Генеральная чистка партии, намеченная X съездом в качестве первой меры по ее оздоровлению, была проведена в 1921 г. В письме ЦК «Об очистке партии» указывалось, что она направлена против «плохих сановников», включая бывших рабочих, «успевших потерять все хорошие черты пролетариев и приобрести все плохие черты бюрократов»[33 - КПСС в резолюциях и решениях… Т. 2. С. 440–442.]. В письме отмечалось, что в ходе чистки «ни в коем случае не допустимы репрессии по отношению к инакомыслящим внутри партии»[34 - Там же.].

Ленин подчеркивал, что большевистская партия – это «единственная правительственная партия в мире, заботящаяся не об увеличении числа членов, а о повышении их качества, об очистке партии от „примазавшихся“…»[35 - Ленин В. И. Полн. собр. соч. Т. 39. С. 224.], считая партию еще незрелым политическим организмом, которому пока рано в целом, и даже в своей лучшей части, осуществлять функции единственной правящей партии, ибо «достаточно небольшой внутренней борьбы» в нем, чтобы авторитет его был «если не подорван, то во всяком случае ослаблен»[36 - Там же.].

Он считал, что причиной раскола партии может стать наличие чрезмерной концентрации власти в руках узкого круга партийных функционеров, что связано с риском возникновения внутренних разногласий и расколов, достигая предельной остроты в рядах старой гвардии, физически истребленной в дальнейшем Сталиным. Действительно, политические решения уже с конца 20-х гг. осуществлялись не этим слоем партийной гвардии, а единоличной волей Сталина.

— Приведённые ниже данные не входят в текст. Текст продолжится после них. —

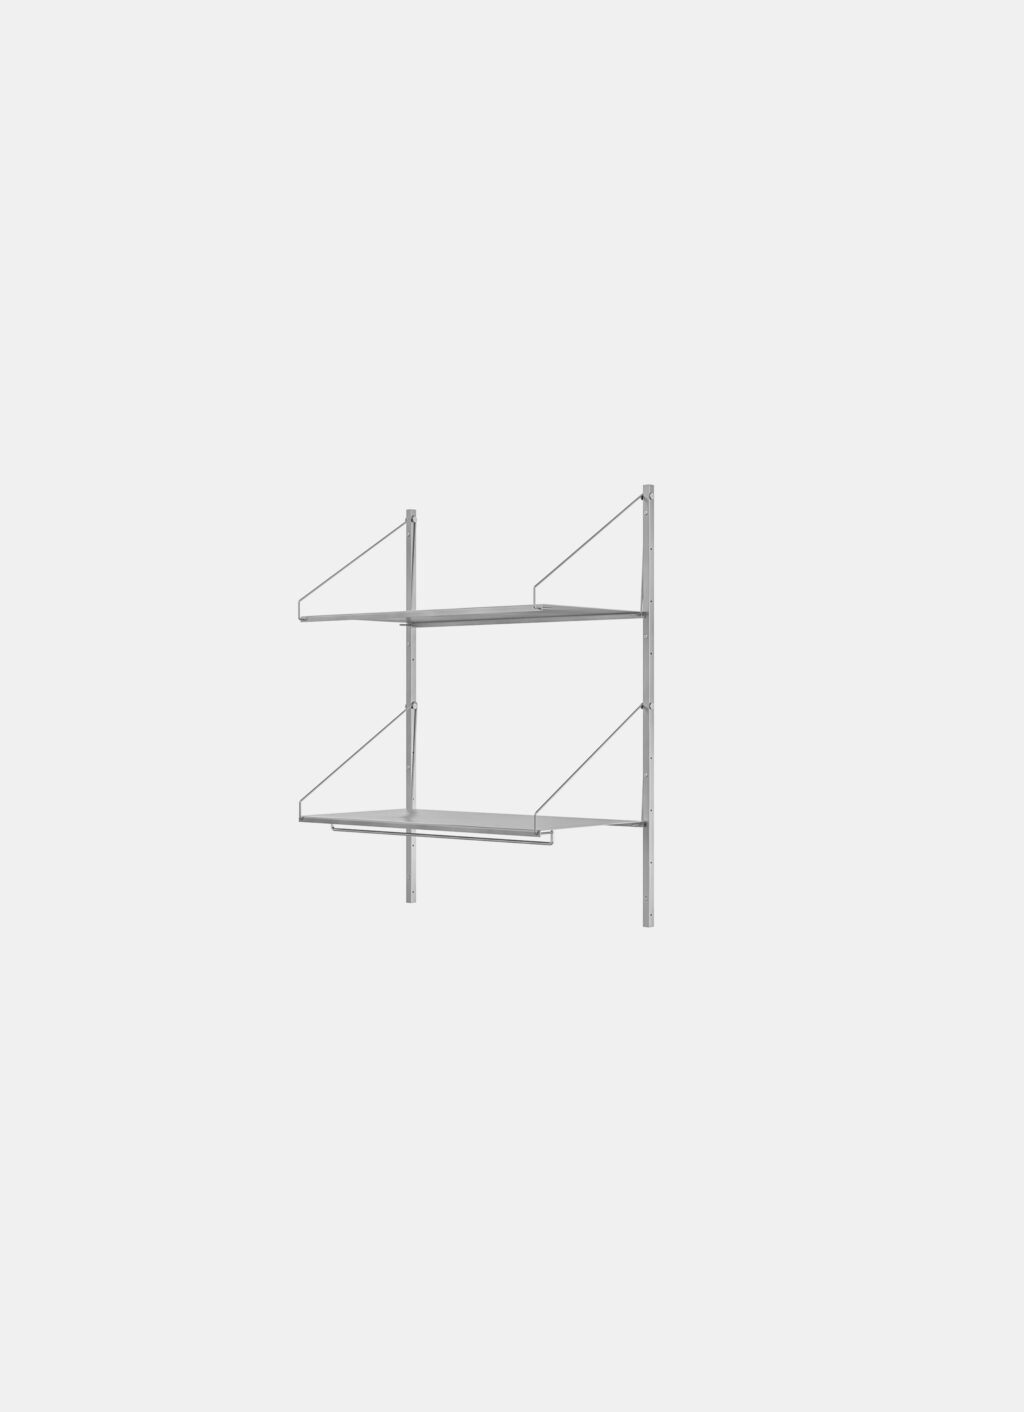 Frama - Shelf Library - Stainless Steel - H1084 - Hanger Section

Разногласия между оппозицией и членами ЦК и Политбюро, начавшиеся при жизни вождя, приобретали невиданную остроту. Интересны сообщенные в 1989 г. ветераном немецкой компартии И. Штейнбергером факты, пересказанные ему в конце 30-х гг. старыми большевиками, находившимися с ним в сталинских тюрьмах. Например, Н.А. Скрыпник сообщил ему, что Сталин в 1921 г. старался внушить Ленину мысль о мнимой опасности, грозящей партии вследствие отсутствия ленинского большинства в ЦК, и лишь Сталин способен обеспечить Ленину твердое большинство. Подобное сообщил и В.И. Невский, считавший, что введение поста генсека и назначение Сталина объяснялось тем, что в ходе дискуссии он перехитрил Ленина, убедив его в существовании угрозы расщепления партии на фракции, о чем Невский сам высказывал Ленину свои сомнения, считая это сталинскими интригами. Но Ленин отвечал, что решения об ограничении дискуссий в партии временны и он внимательно наблюдает за деятельностью Секретариата, позднее сожалея об этом, стремясь исправить свою ошибку в «Завещании»[37 - См.: Вопросы истории. 1989. № 9. С. 175, 176.].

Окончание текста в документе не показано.